The visitors came to the MEDDAC footprint as part of a week-long tour of each of the Military Treatment Facilities in the Defense Health Agency's Low Country Market. Under the Fiscal Year 2017 National Defense Authorization Act, Congress called for alterations in the Military Health System. The various command teams came together to see what each other's capabilities are.
"As we transition military medicine into the Defense Health Agency, we're going to have to work together," Place said. "So, this is really just about achieving a shared understanding."
Place explained the importance of collaboration during the DHA transformation of the military health services is to ensure improvement processes are in place from an "efficiency perspective," but more importantly an "effectiveness perspective."
"Where across the entire spectrum, whether it's care of a Soldier, care for a Marine, care of an Airman care of a Sailor [is] that we work collaboratively first to achieve excellency," said Place.
Currently the system has more than nine million beneficiaries associated with it, and a 50 plus billion dollar budget, which makes the transition complex, yet impactful for patients.
"In other words the quality of care that we give continues to be excellent or better," Place said. "That the safety elements that we have within our systems … from a patient safety and an organizational perspective. That it stays the same or gets better. In doing all that, our staff, our uniformed staff, our civilian staff, we all understand where we're going and why we're going. So that we can be a part of the process."
Medical Treatment facilities serve as the training range for the uniformed personnel, which helps to ensure the service members are medically ready at all times. Place said the MTFs is where ready medical forces are developed, serving as a live-fire range of sorts.

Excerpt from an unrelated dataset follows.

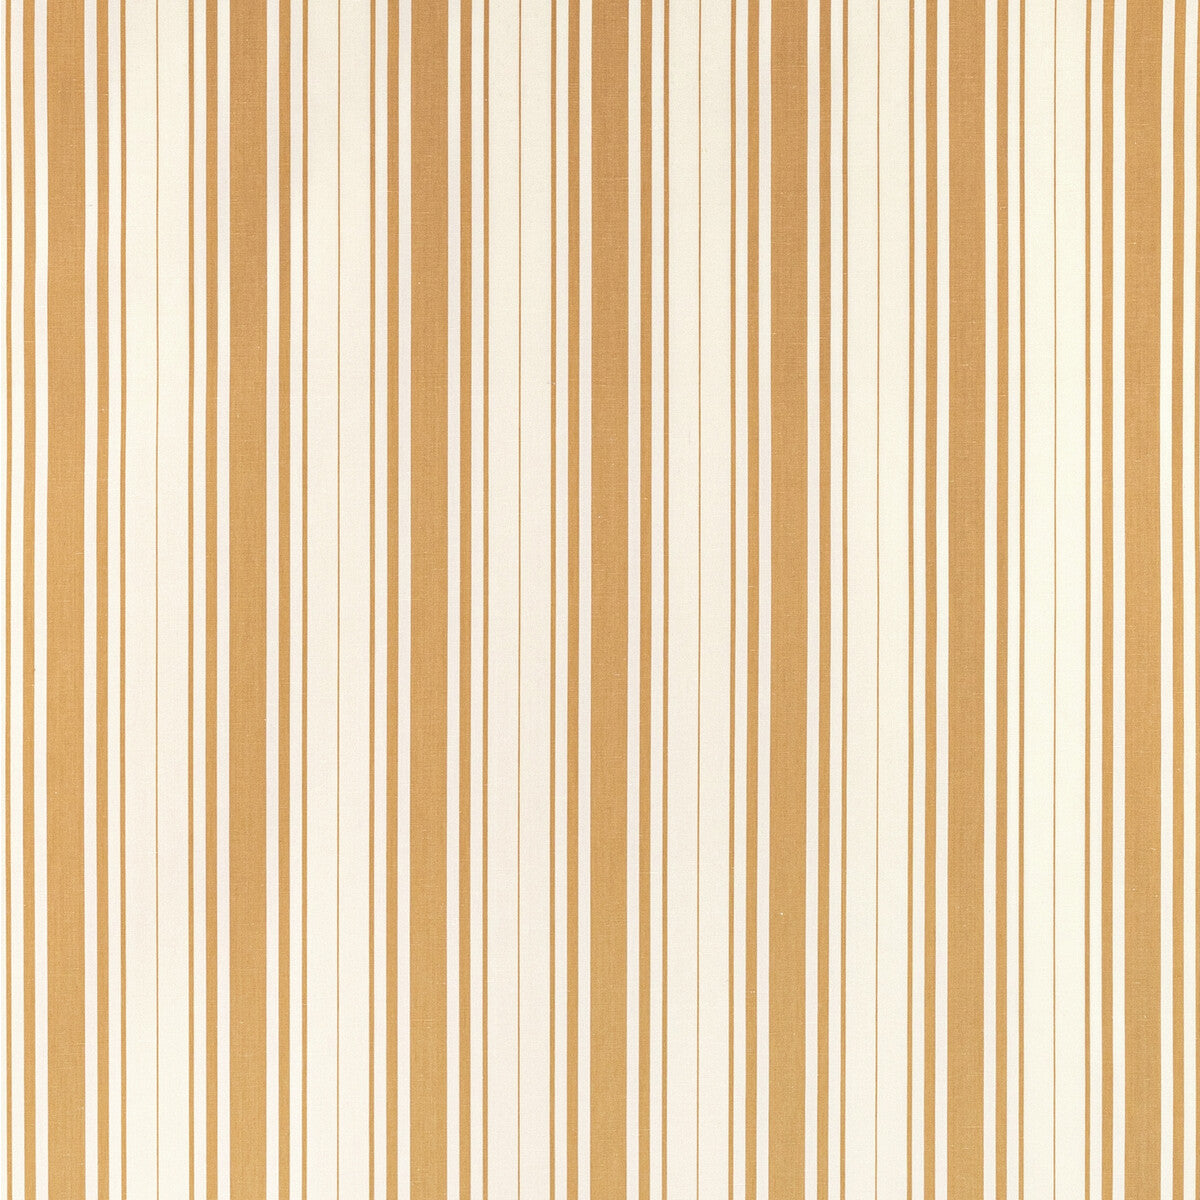 Baldwin Stripe fabric in saffron color - pattern 2022100.4.0 - by Lee Jofa in the Sarah Bartholomew collection

"The great thing about it is we recognize that Family Member care is often part of readiness," Place said. "It's that relationship that we in military medicine have with our Families that leads to that. Similarly, much of that training that we have to do, so skill sustainment's, proficiency, currency that sort of thing, for the things that we are going to do in combat don't really happen to Soldiers and Family Members. So, we have those sorts of healthcare problems that gives us the best training environment for the things that we need to do in combat."
The transition to DHA should be transparent for the staff here, yet invisible to the beneficiary population. The great care beneficiaries receive today should be the same next month, and next year Place said.
For those who may be experiencing a sense of anxiety about what a DHA future looks like, Place works to ally those thoughts.
"The DHA is us," Place said. "More than anything I want people to feel comfortable that the impact that they're worried about will likely be significantly less than what they're actually going to experience."
As a divisional post, Place said its obvious by the many transformations, renovations, additions and infrastructure that Winn is experiencing, lends to the importance and investment of the local community to the MTF.
"It's great to see that better leadership than mine has existed after I left to make this organization an even better organization then when I was here," Place said. "I look forward to coming back again and again and seeing just how extraordinary this team can work together."
Winn ACH is expected to be transitioned to DHA by Fall 2019.